Material provided section start
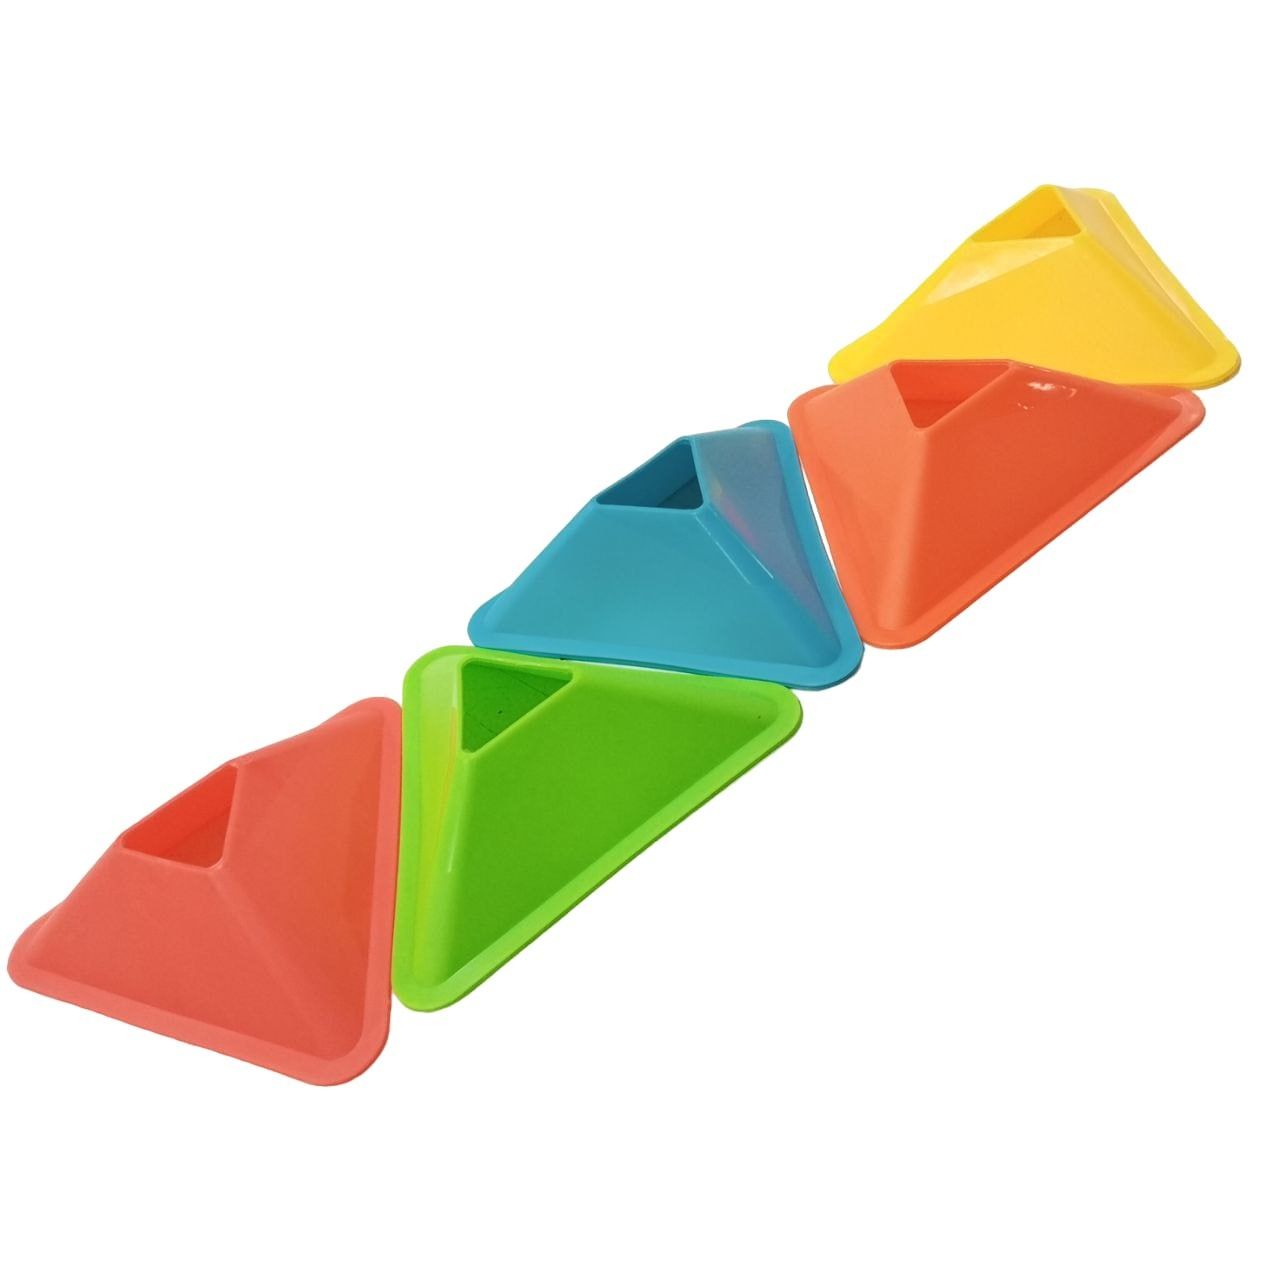 Треуголные фишки, тренировочные фишки, футбольные фишки разных цветов
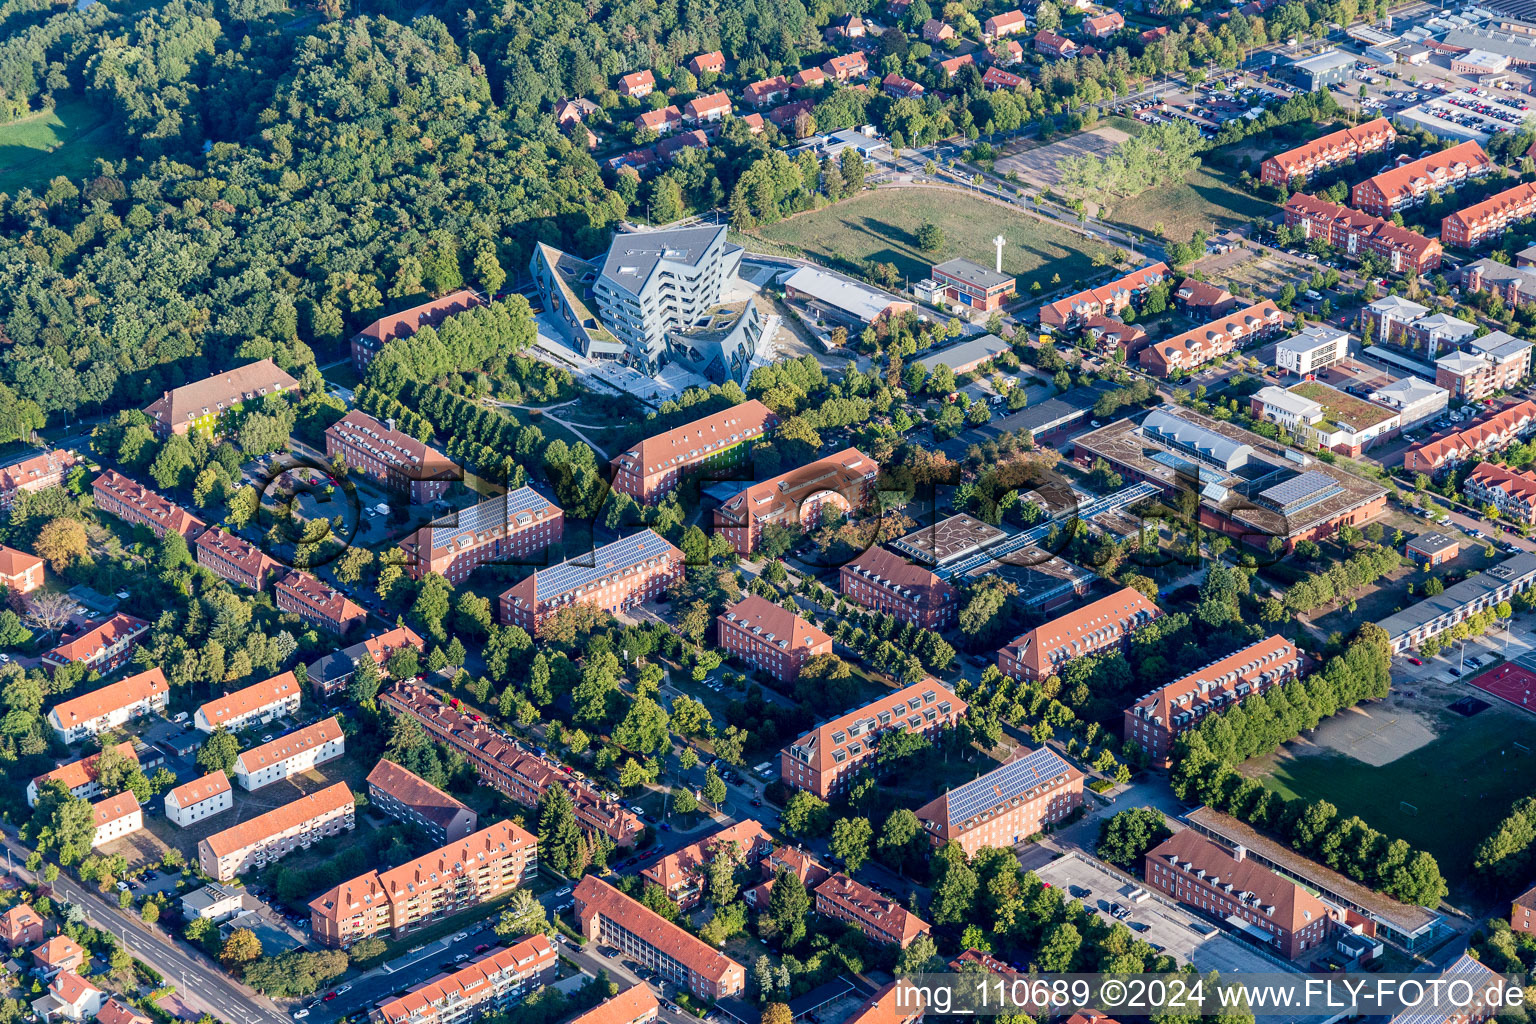 Drohnenbild von Campus- Universitäts- Bereich Zentralgebäude Leuphana Universität Lüneburg vom Architekt Libeskind in Lüneburg im Bundesland Niedersachsen, Deutschland
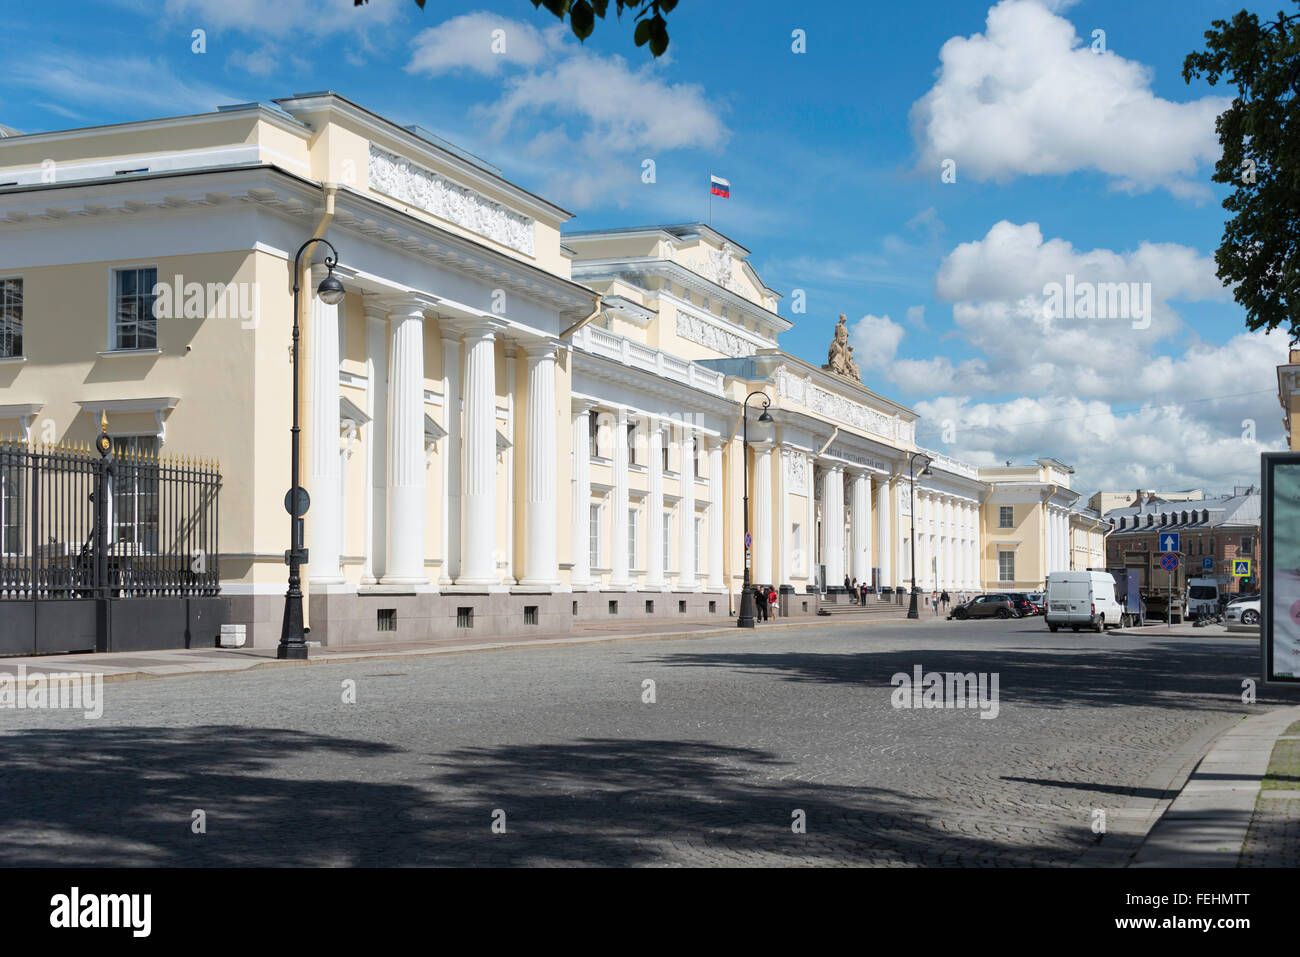 Das Russische Museum für Völkerkunde, Inzhenernaya Street, St. Petersburg, nordwestliche Region, Russische Föderation Stockfoto
Material provided section end
Skipping the pictures, transcribe each line above exactly as it appears.

Task result:
 Треуголные фишки, тренировочные фишки, футбольные фишки разных цветов
 Drohnenbild von Campus- Universitäts- Bereich Zentralgebäude Leuphana Universität Lüneburg vom Architekt Libeskind in Lüneburg im Bundesland Niedersachsen, Deutschland
 Das Russische Museum für Völkerkunde, Inzhenernaya Street, St. Petersburg, nordwestliche Region, Russische Föderation Stockfoto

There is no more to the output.